(635g) Highly Improved Plasmid DNA Production by Optimizing the Plasmid Construct and Fermentation Conditions | AIChE

(635g) Highly Improved Plasmid DNA Production by Optimizing the Plasmid Construct and Fermentation Conditions

Authors 

Trivedi, R. N. - Presenter, University of Pittsburgh
Bartlow, P. R. - Presenter, University of Pittsburgh
Meade, J. - Presenter, Carnegie Mellon
Khan, S. A. - Presenter, University of Pittsburgh
Domach, M. M. - Presenter, Carnegie Mellon University
Ataai, M. M. - Presenter, University of Pittsburgh


This presentation details our effort to develop a combined host-plasmid system that provides plasmid copy numbers that approach 104 copies/cell. The work is driven by DNA vaccines and gene delivery vectors which are becoming a growing segment of new clinical trials. Over 20% of ongoing trials rely on plasmid vectors spanning all disease categories and including nine trials currently in Phase III. Moreover, four DNA vaccines have been approved for veterinary use since 2005. 

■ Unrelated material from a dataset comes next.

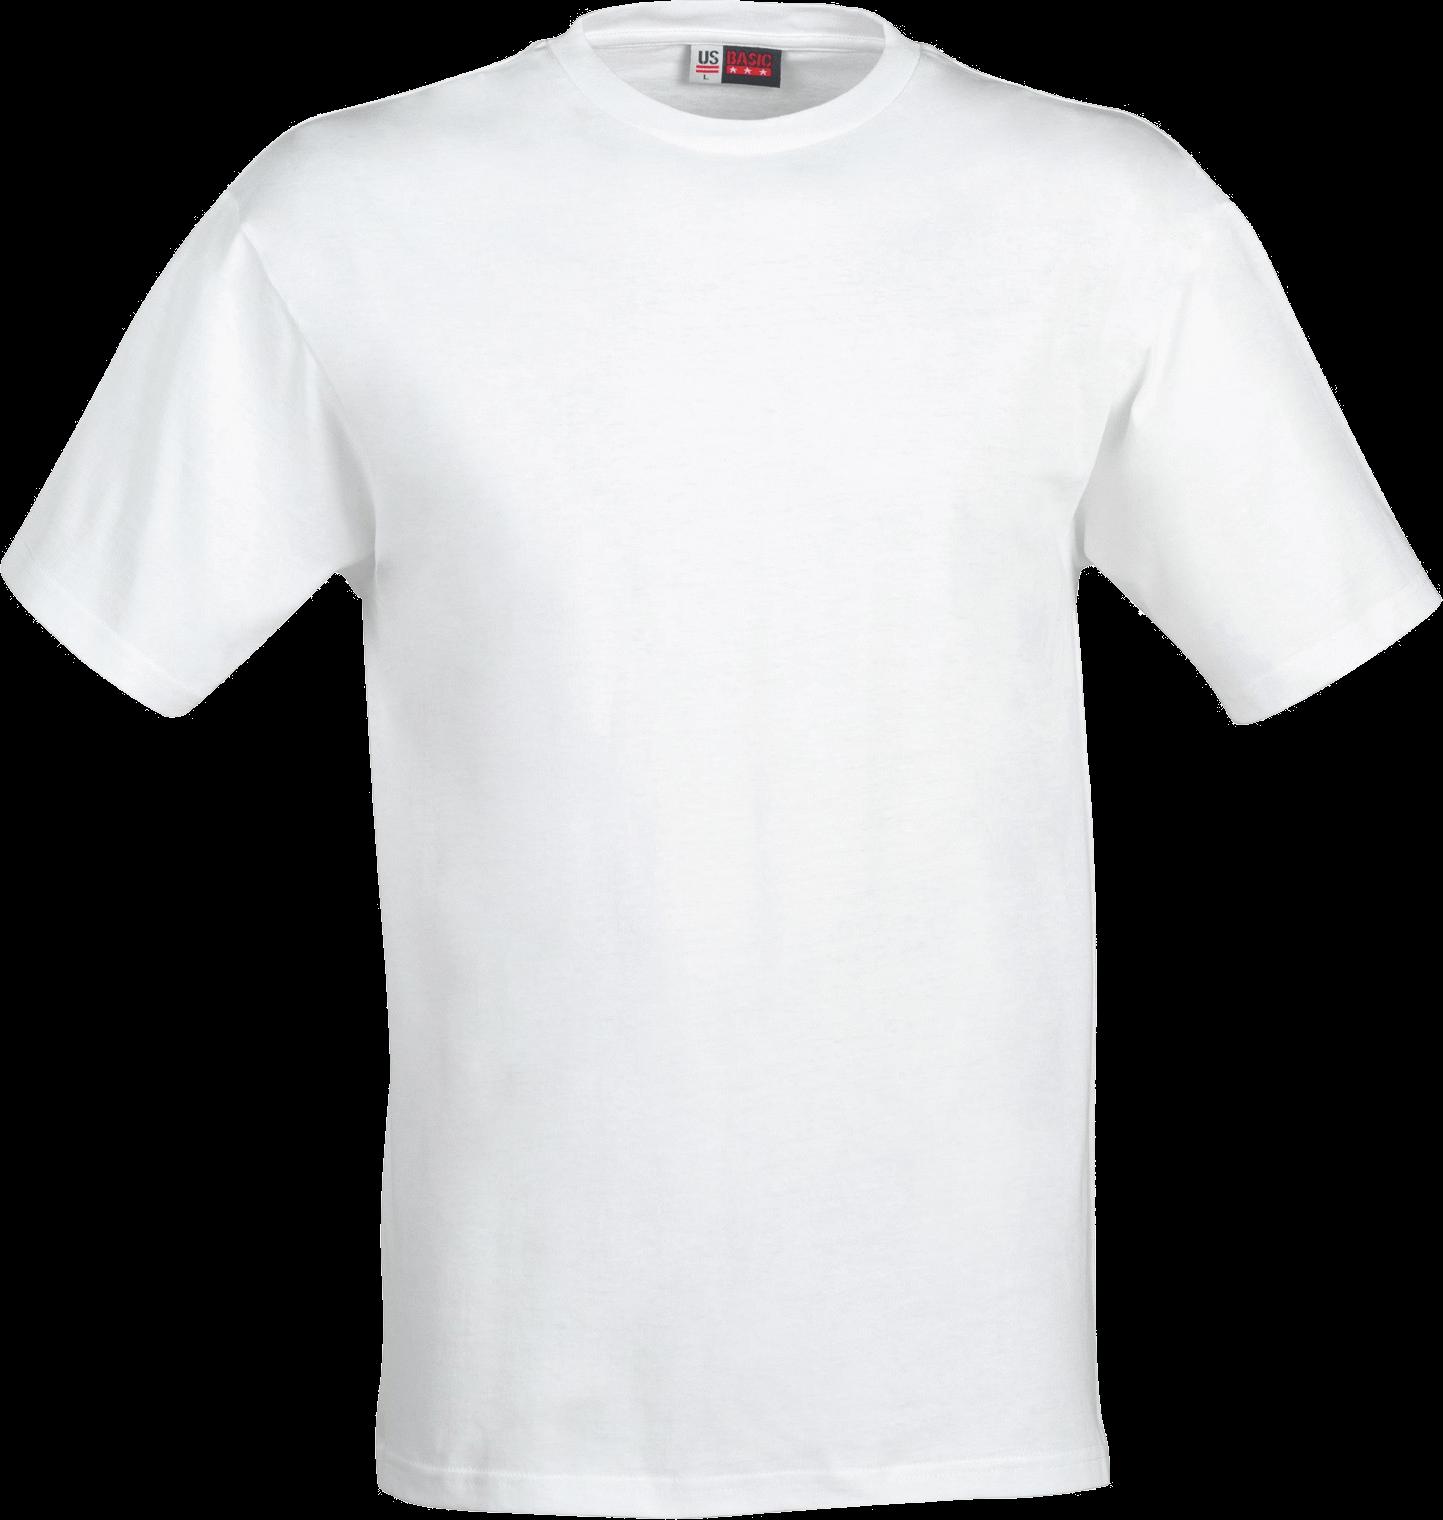 Download White T-Shirt Png Image HQ PNG Image FreePNGImg | vlr.eng.br

Given the large number of potential vaccines and the size of the target animal and human populations, large amounts of plasmid DNA will be required. Our ultimate goal is to develop a production platform that has high volumetric productivity when inexpensive and simple minimal media is used. To this end, we employ plasmid pNTC8485 in DH5α that possess a temperature-responsive ColE1 origin of replication, encodes reporter EGFP, and has a major advantage of reduced metabolic load by encoding a small antisense RNA that mitigates chromosomally-endowed toxicity from sacB when sucrose is present in the media. Replication region contains two promoters which direct the synthesis of two RNA molecules (RNA I and RNA II) involved in control of plasmid copy number.  We have modified the origin of replication, yielding approximately 8000 plasmid copies/cell, a 6-fold increase in plasmid copy number relative to unaltered DH5α pNTC8485. Further increase in process productivity was achieved by improving the fermentation conditions that enables the selective agent (sucrose) to be metabolized once the catabolic resources are exhausted from the medium. After reaching stationary phase in media with 8% sucrose, treatment with invertase releases glucose that spurs added cell growth without noticeable plasmid dilution, nearly tripling DNA volumetric productivity. Overall, about a 20-fold increase in volumetric productivity was achieved by combining the productive mutations of origin of replication and improved fermentation conditions.